● Requirement:
Output the data below only from the line containing "Керамическая плитка расписанная" up to and including the line containing "Dyplom Ministra Rozwoju, Pracy i Technologii", exact and with the pictures left out.

● Source material:
========

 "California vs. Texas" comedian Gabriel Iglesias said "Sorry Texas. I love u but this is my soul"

========

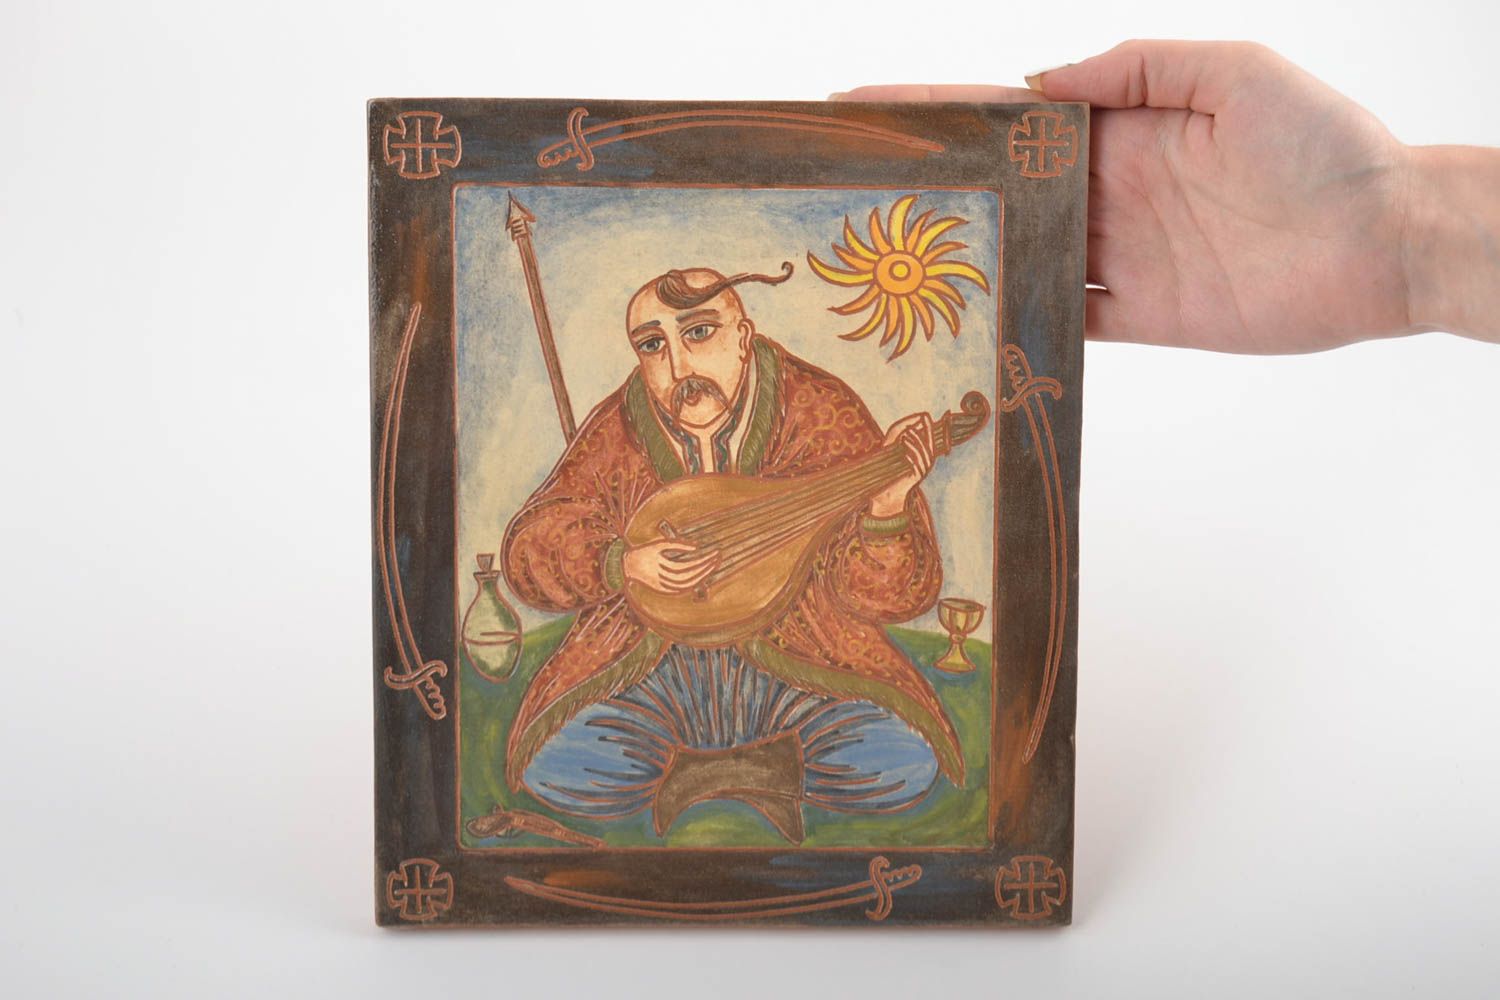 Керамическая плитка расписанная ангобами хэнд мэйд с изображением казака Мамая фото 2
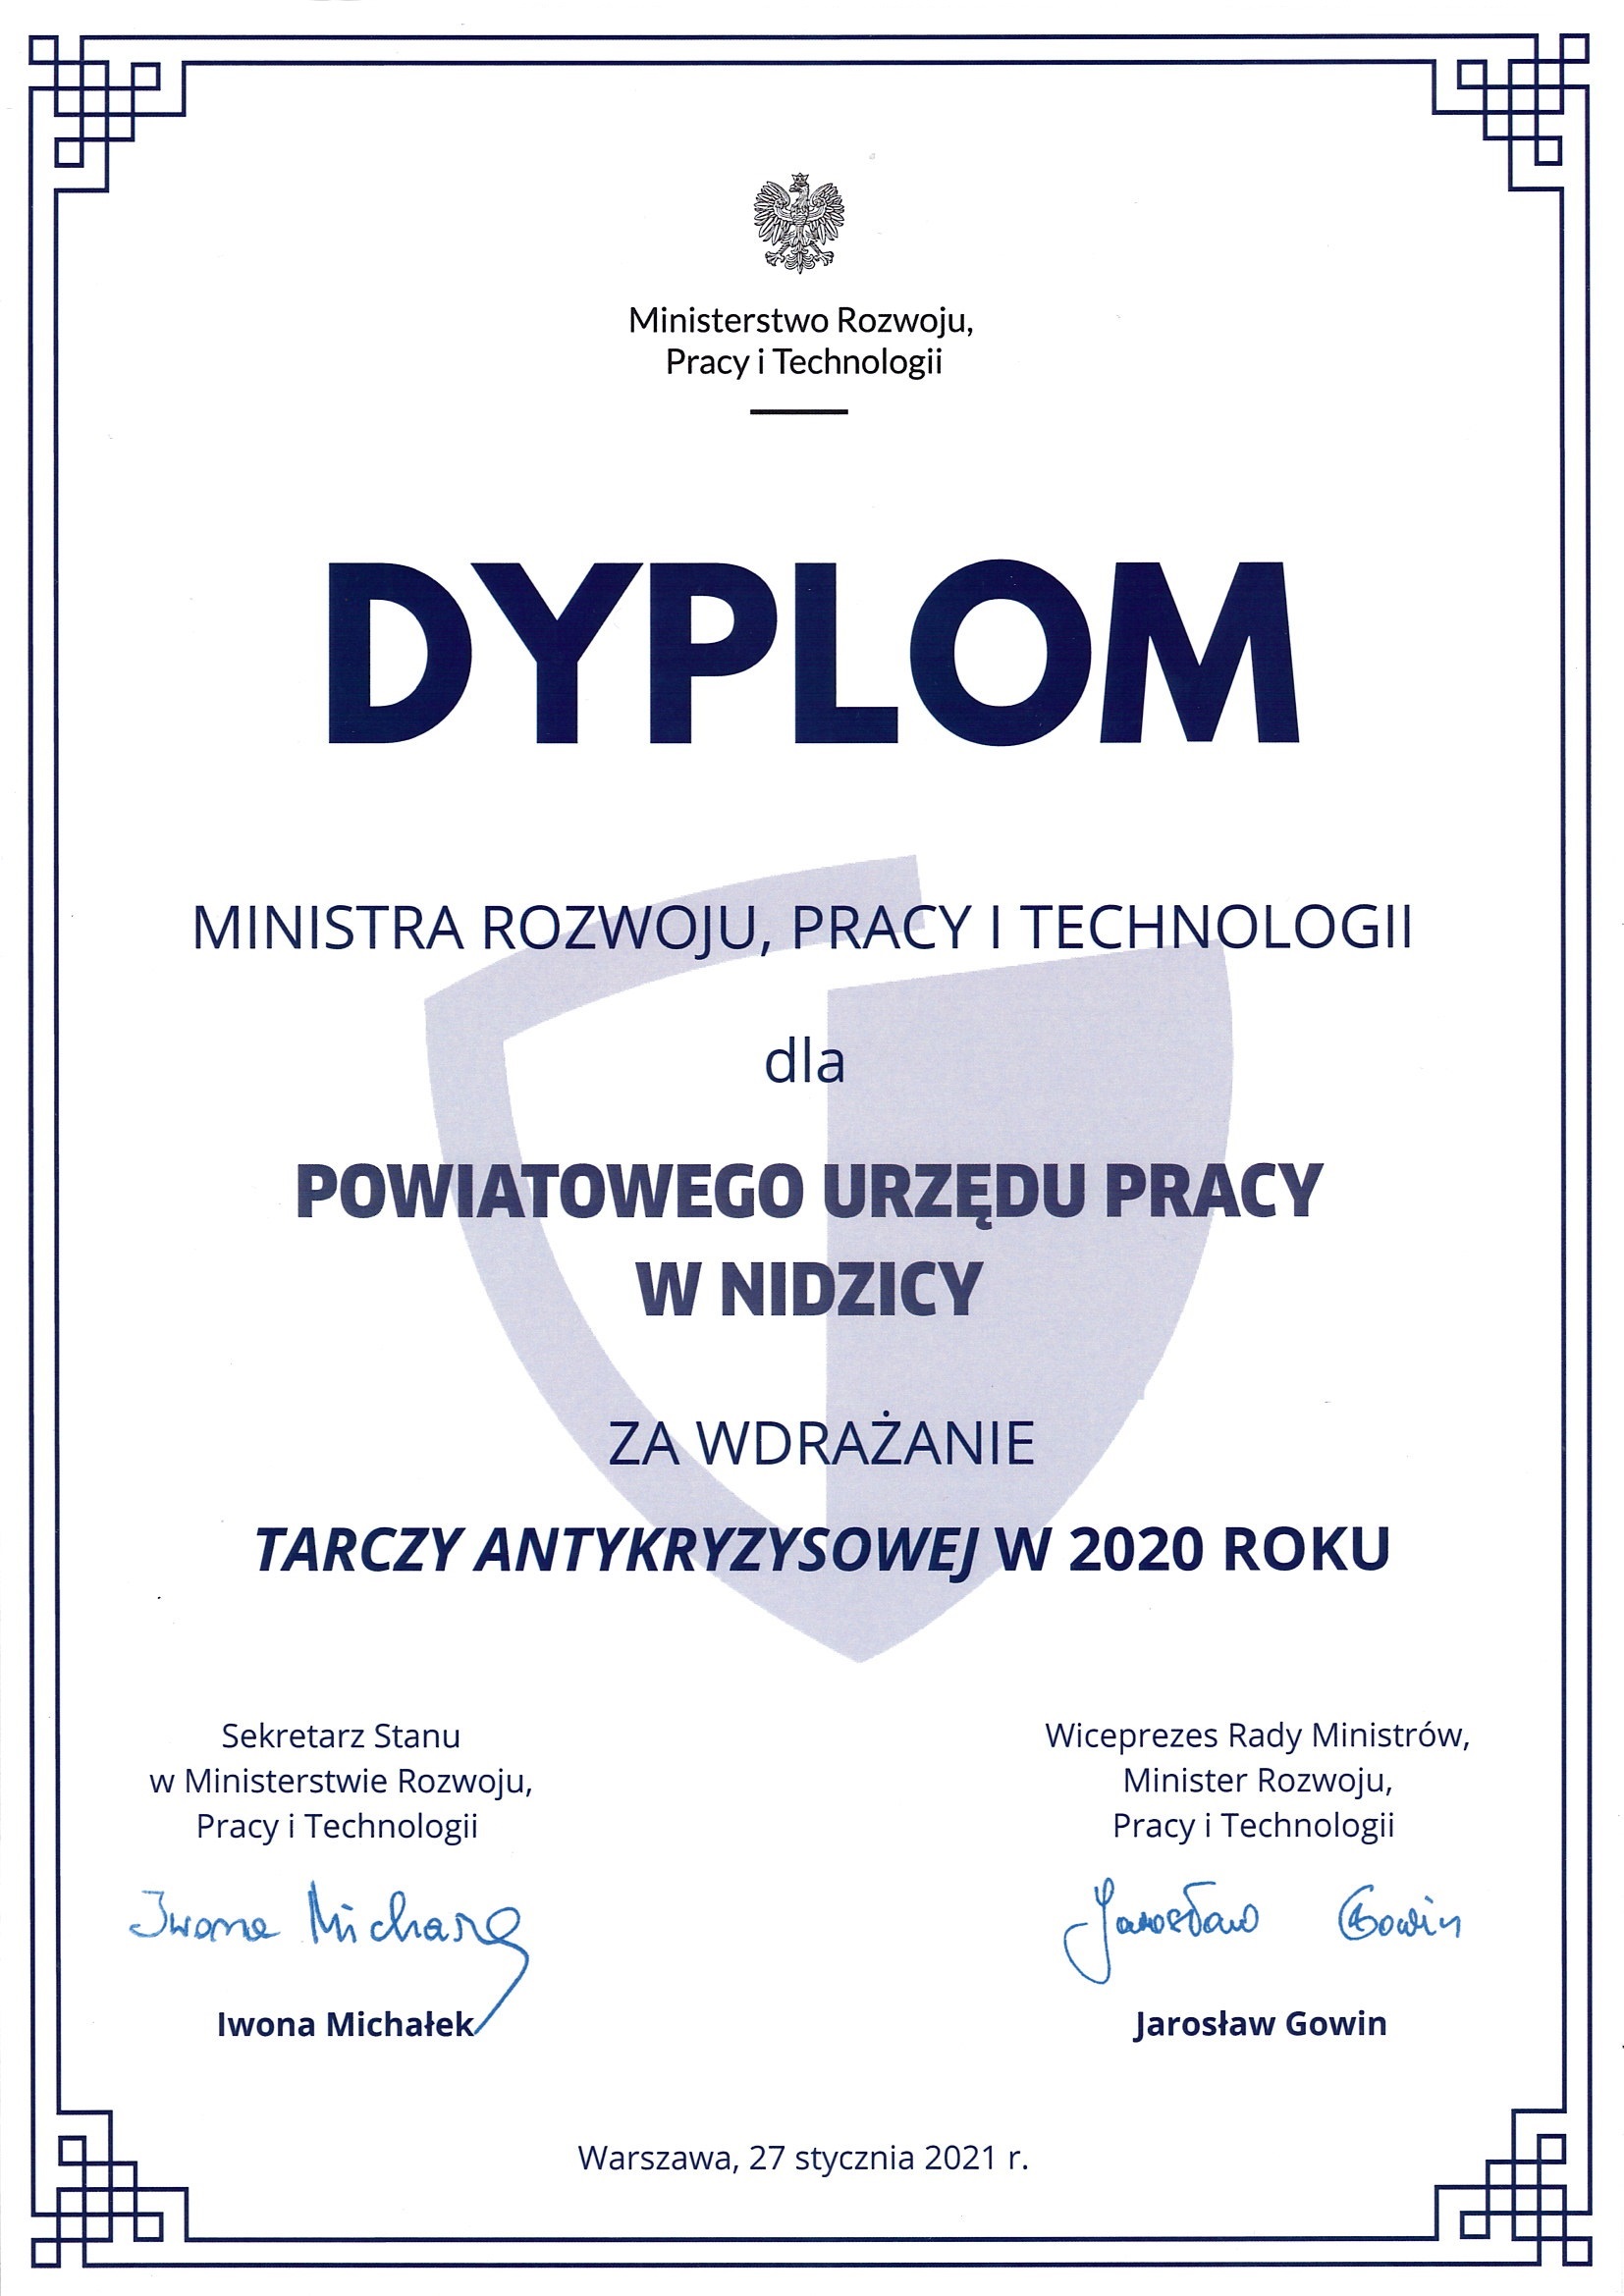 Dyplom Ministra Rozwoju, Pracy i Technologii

========

● Exercise response:
 Керамическая плитка расписанная ангобами хэнд мэйд с изображением казака Мамая фото 2
 Dyplom Ministra Rozwoju, Pracy i Technologii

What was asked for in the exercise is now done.